Career Opportunities
Bioanalytical Chemist-LC-MS/MS
Qualifications
Experience with bioanalytical method development and validation to run various matrices for large and small molecule assessments, using LC/MS and LC/MS/MS technology. Strong organizational skills and multi-task orientation. Independent thinker who can work well in a fast-paced, team and deadline oriented environment.
General Description
- Hands on responsibility of managing and performing bioanalytical projects as a priority and performing support analytical services for all pharma services.
- Responsible for executing bioanalytical testing programs for the lab.
- Supporting toxicology/pharmacology studies leading to product registration (FDA/ICH, OPPTS, ISO, OECD, Japanese and others). Including, dose verification method development, method validation and sample analysis.
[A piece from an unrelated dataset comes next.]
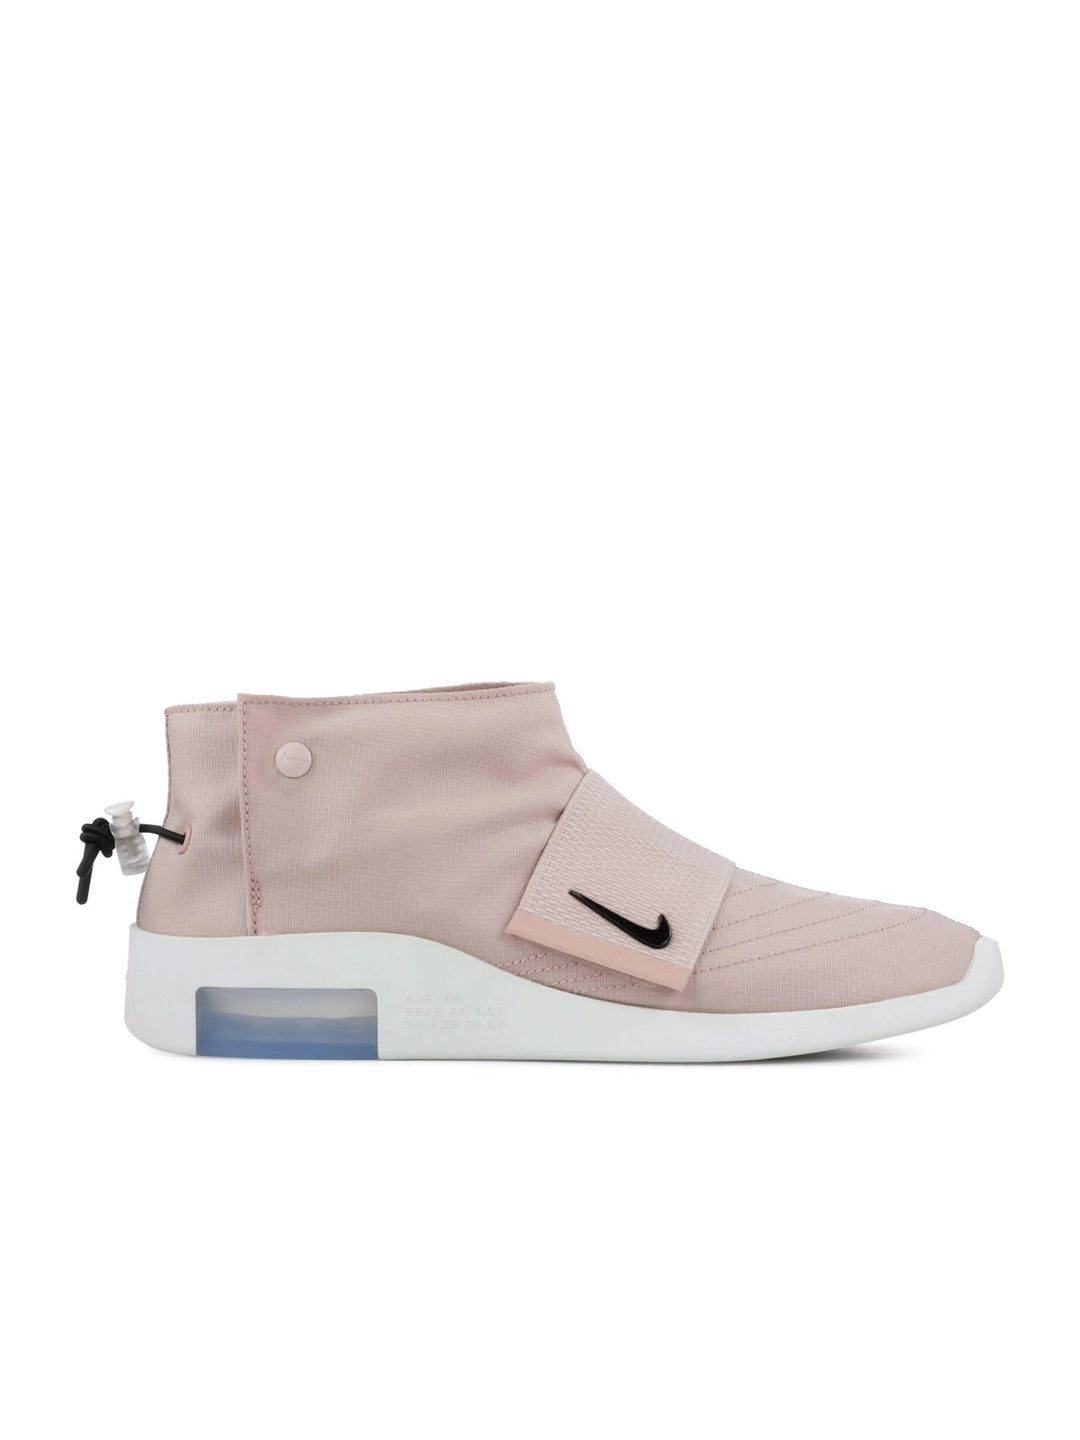 Nike Air Fear Of God Moccasin Particle Beige Nike

- Investigating and writing protocols either, GLP or Non-GLP guidelines for all medical device, and pharma clients, as required.
- Developing new test procedures and associated validations and services for the Bioanalytical/Special Chemistry department. Responsible for assisting with product storage and stability program relevant to medical devices and pharma companies.
- Reporting of data and final reports "on time" — to meet and exceed all turnaround times.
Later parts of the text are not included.